Abstract 3277
Background
Cancer-related inflammation is a distinctive feature of the development and progression of PC. However, the relationship between the systemic inflammatory response and survival has not been evaluated as a predictive factor of chemotherapy. The aim of this study was to evaluate the prognostic and predictive value of a baseline SIRI based on peripheral neutrophil, monocyte, and lymphocyte counts in metastatic PC.
Methods
Retrospective review of 178 metastatic pancreatic cancer patients. Associations between overall survival (OS), time to progression (TTP), chemotherapy schedule and SIRI at diagnosis were analyzed.
Results
Median age 67 years, 52% were male. First line chemotherapy regimens: 41% Gemcitabine, 31% Gemcitabine plus Nab-Paclitaxel and 17% mFOLFIRINOX. Patients with SIRI<2.3x109 showed a statistically significant improvement in OS compared to SIRI≥2.3x109 [16 months versus 4.8 months, Hazard Ratio (HR) 2.87, Confidence Interval (CI) 95% 2.02-4.07, p < 0.0001] that was confirmed in multivariate analysis. In addition, patients with SIRI<2.3x109 showed a longer TTP (12 versus 6 months, HR 1.92, IC 95% 1.314-2.800, P = 0.001). Furthermore, we observed that patients with SIRI ≥2.3x109 are more likely to benefit from mFOLFIRINOX therapy. Patients with an elevated SIRI treated with mFOLFIRINOX versus Gemcitabine plus Nab-Paclitaxel and Gemcitabine showed a clinically and statistically significant difference in median OS of 17 months compared to 6 and 4 months respectively (p < 0.001).

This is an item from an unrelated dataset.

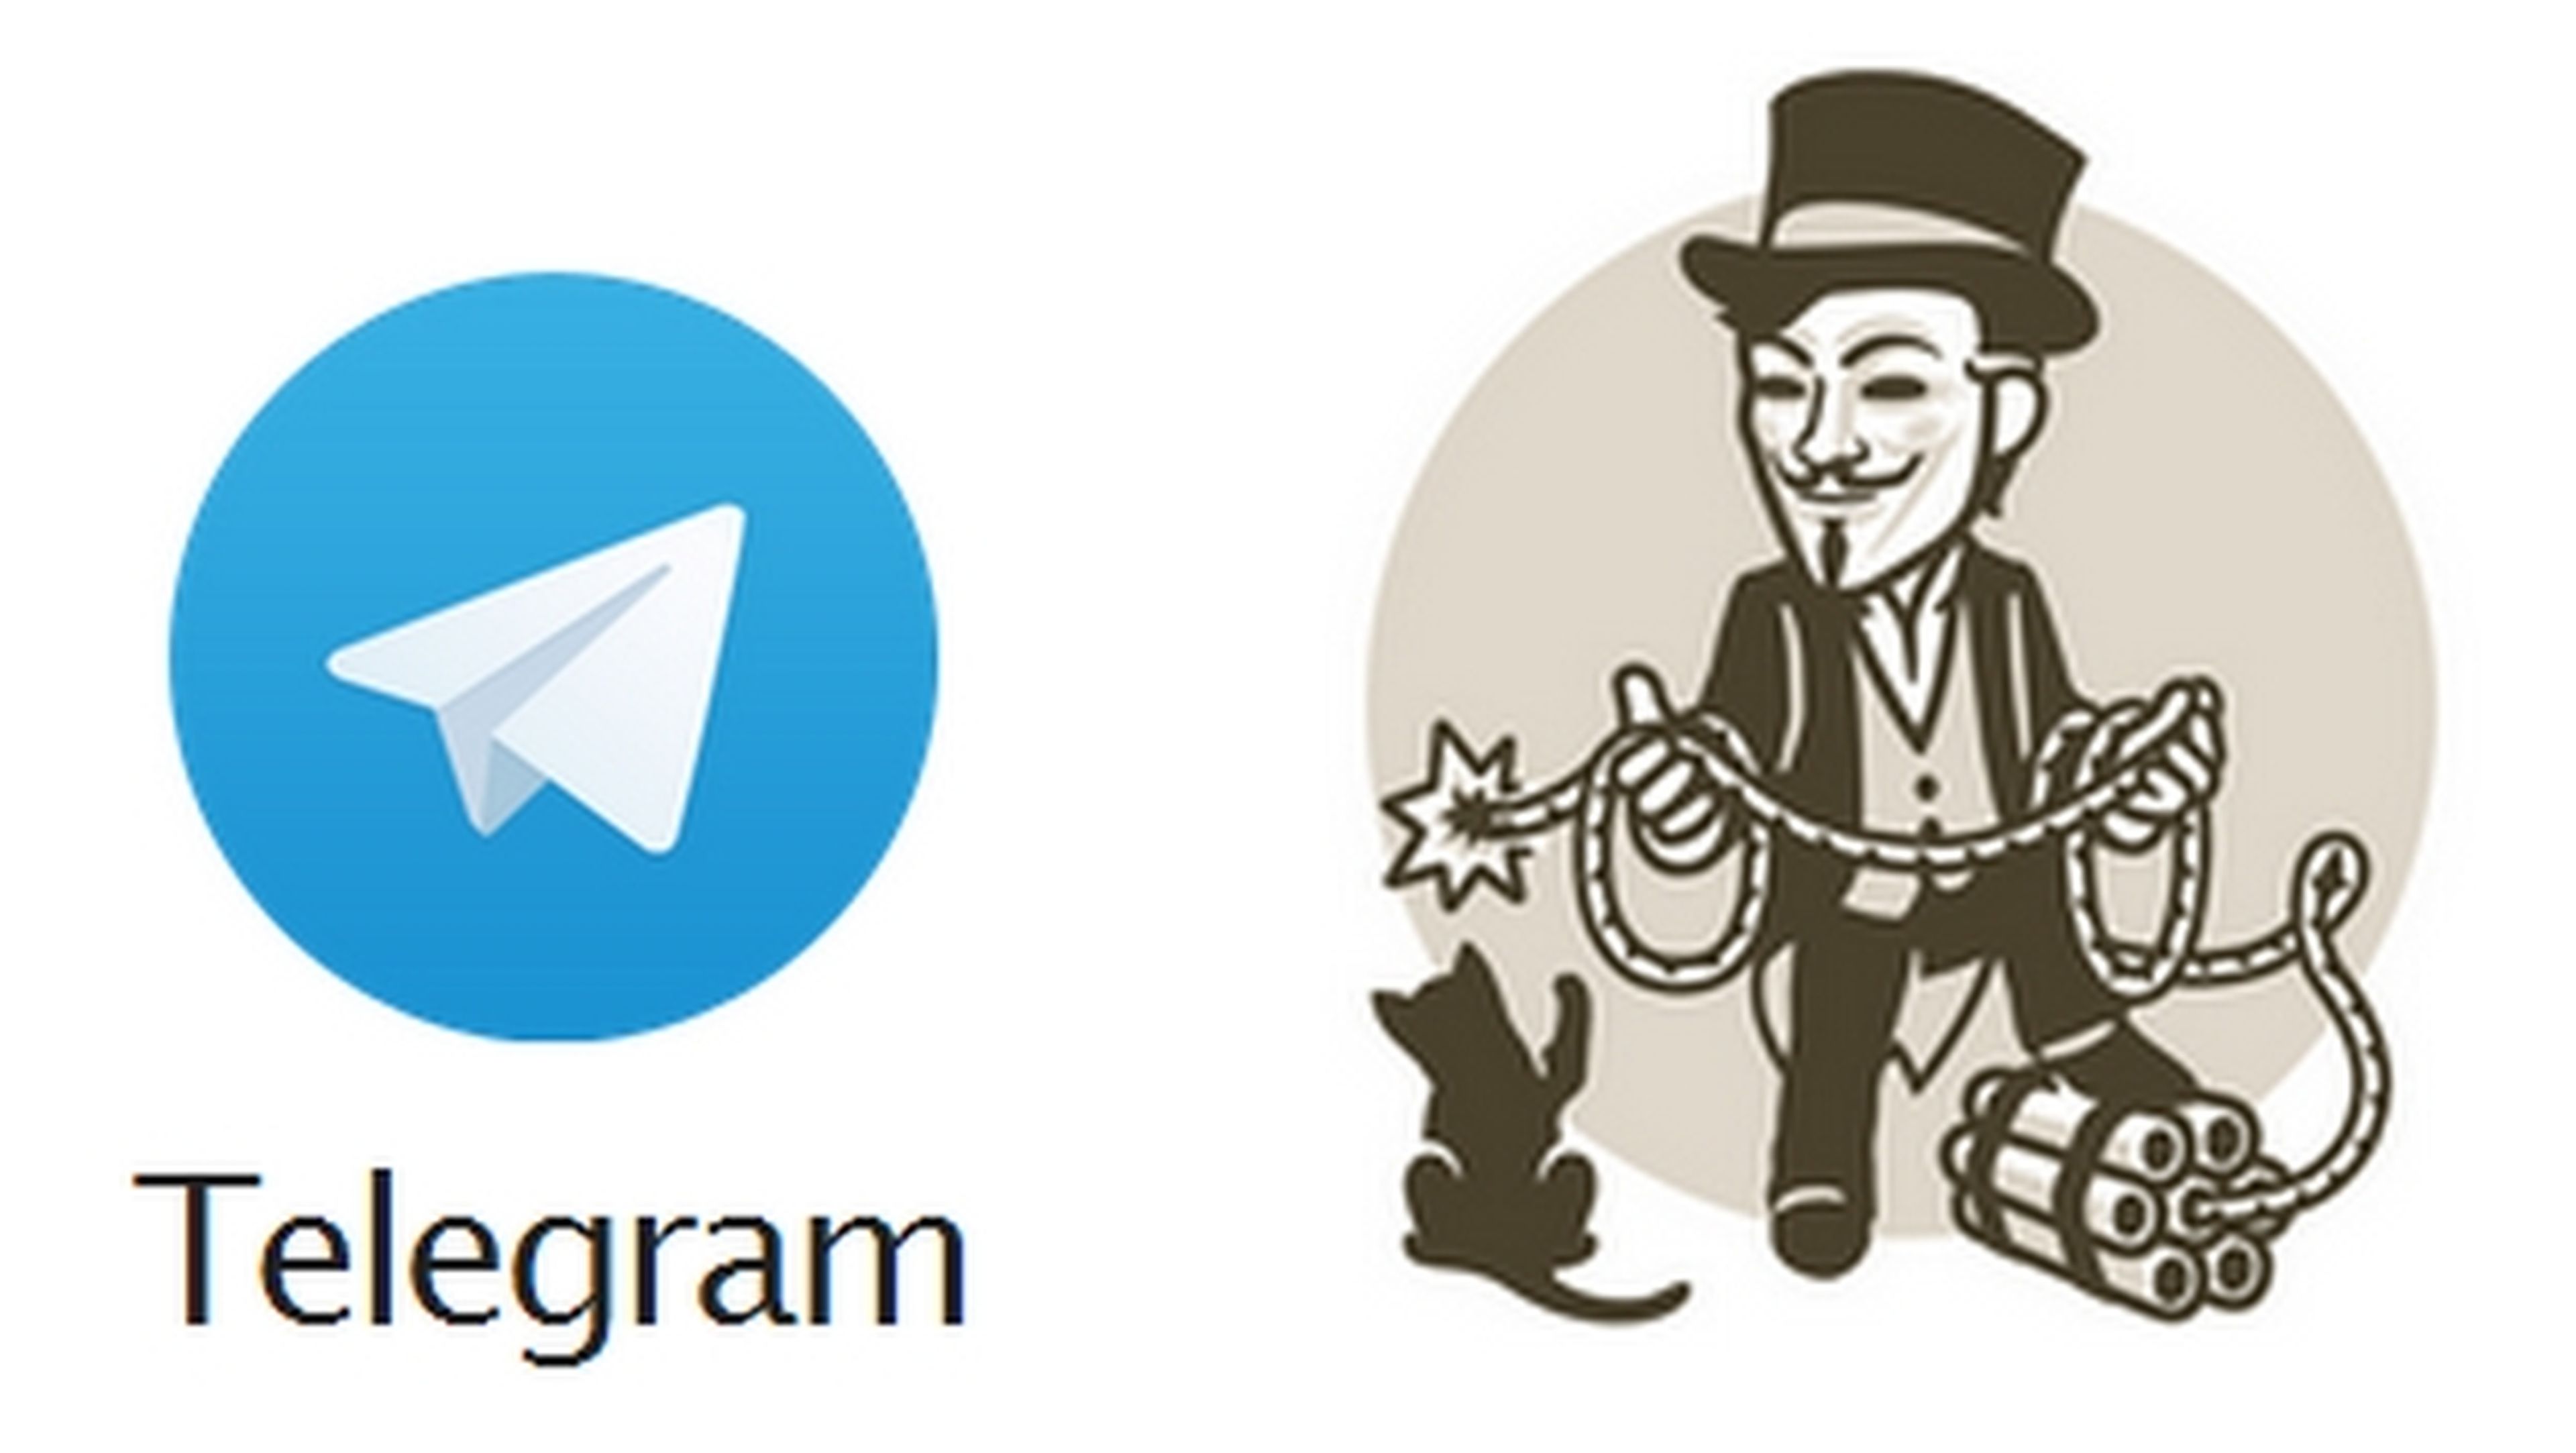 Telegram cerrará cuentas por inactividad el 19 de mayo.

Conversely, the difference was not clinically significant in the SIRI<2.3x109 subgroup: 15.9 months versus 16.5 and 16, respectively.
Conclusions
An elevated SIRI (≥2.3x109) is an independent prognostic factor for survival in patients with metastatic pancreatic cancer. Patients with an elevated SIRI (≥2.3x109) show an increased benefit from mFOLFIRINOX in comparison to other first line chemotherapy regimens. These results raise the issue of appropriately selecting patients who would benefit of a more intensive first-line chemotherapy regimen.
Clinical trial identification
Editorial acknowledgement
Legal entity responsible for the study
The authors.
Funding
Has not received any funding.
Disclosure
All authors have declared no conflicts of interest.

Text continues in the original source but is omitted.